Sadie Kaye is a Hong Kong television and radio presenter, filmmaker, writer and actress. She is best known as a writer, presenter and podcaster on RTHK Radio 3.

==Career==
Kaye was raised in Sai Kung, Hong Kong. After attending Murray Edwards College, Cambridge, Kaye started in television presenting children's series Beezwacks on TVB and children's quiz Eat Your Words on ITV.
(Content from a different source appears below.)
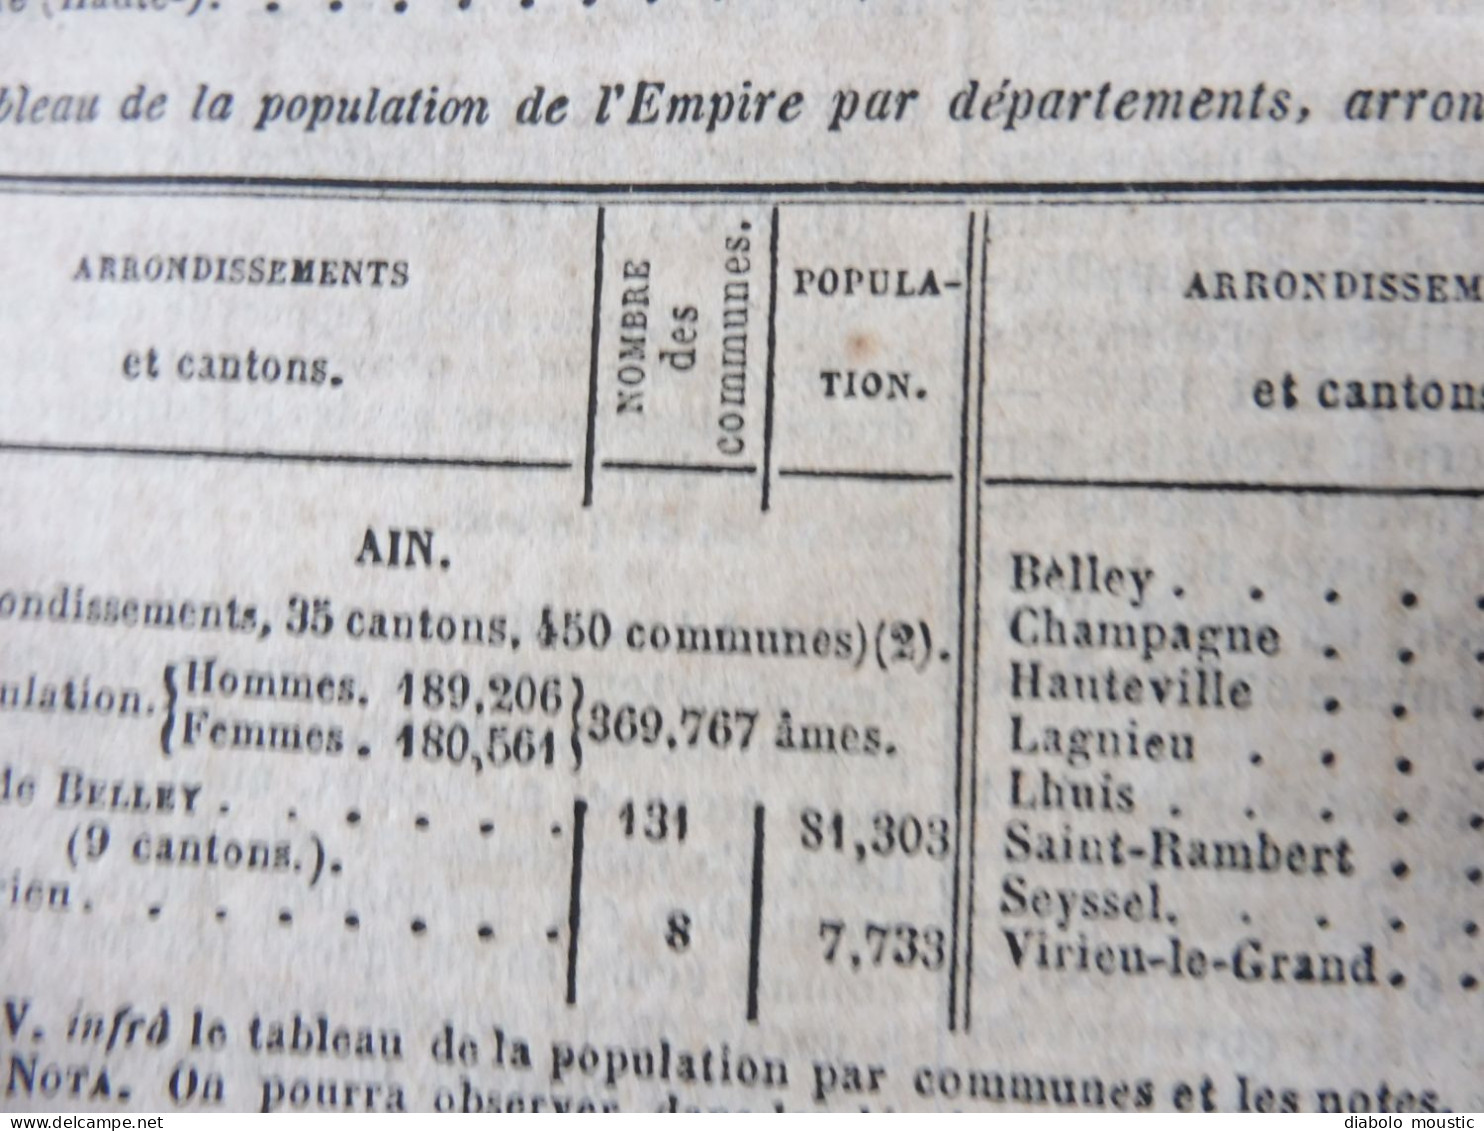 1862  RECUEIL des LOIS : Tableaux de population des départements de l'Empire  ;Reconstruction Pont MORAND à Nantes; Etc
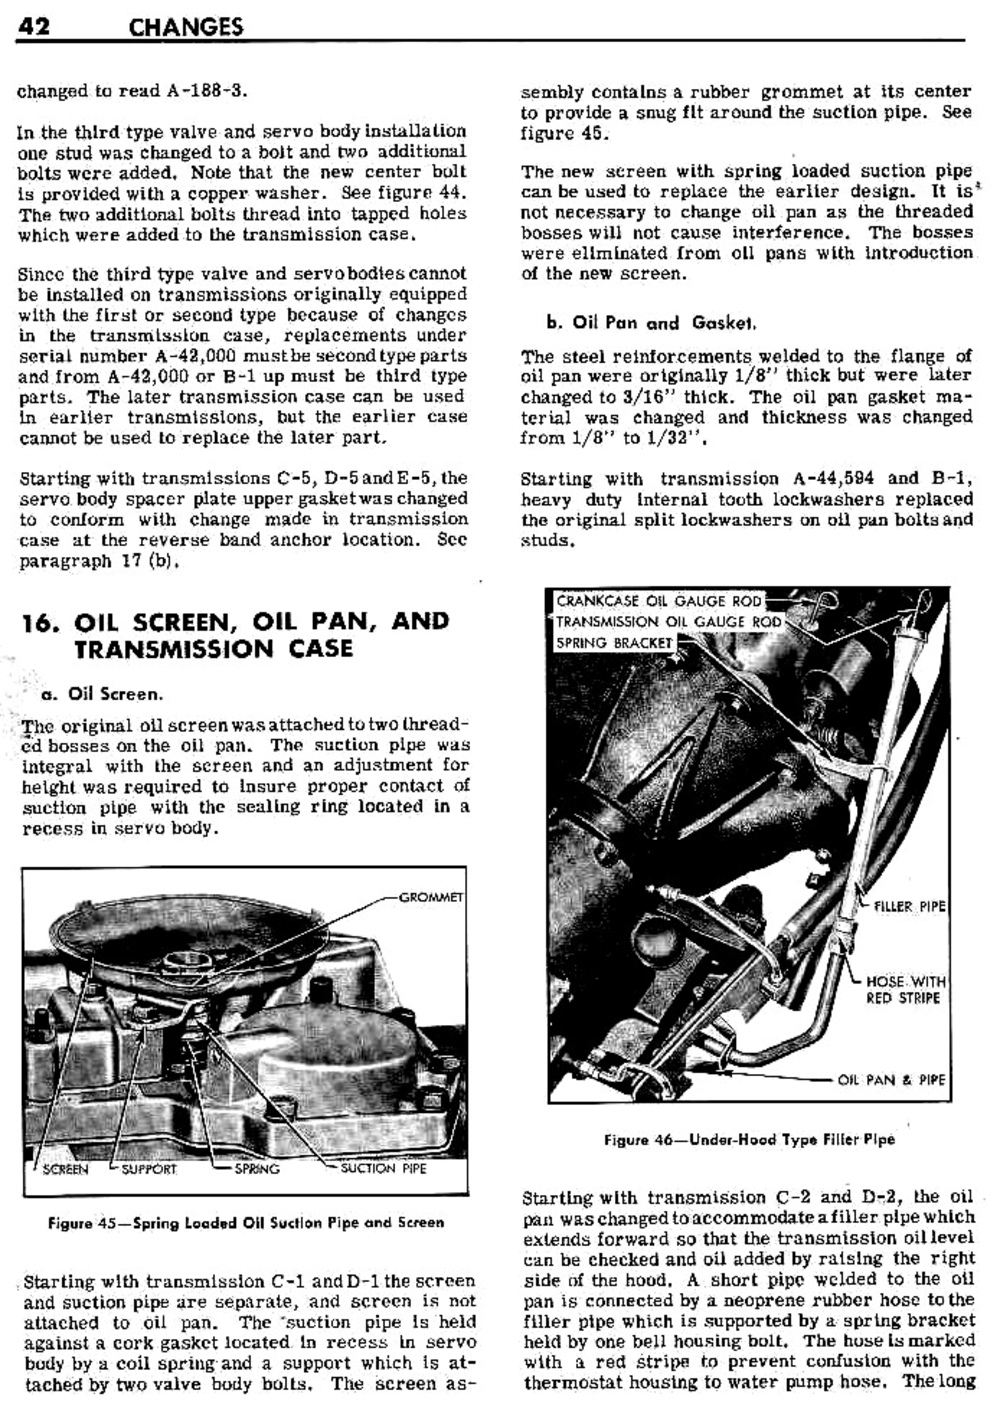 n_04 1948 Buick Transmission - Design Changes-004-004.jpg

She created and hosted ETV comedy series Dinner Party and appeared as an actress in sketch shows, including Sack the Writer. She helped judge Channel 4 competition Comedy Circuit and appeared on Channel 4 series The New Entrepreneurs. In 2006 she was a partner in production company Blue Reef.

She produced and presented a series of 3 Minute Wonders for Channel 4 about the 2009 Centre for Social Justice Awards and documentary films Sailing Miss Sadie (2010) and Tucker's Luck (2011) for Sky. In both films she mentors young offenders from The Prince's Trust.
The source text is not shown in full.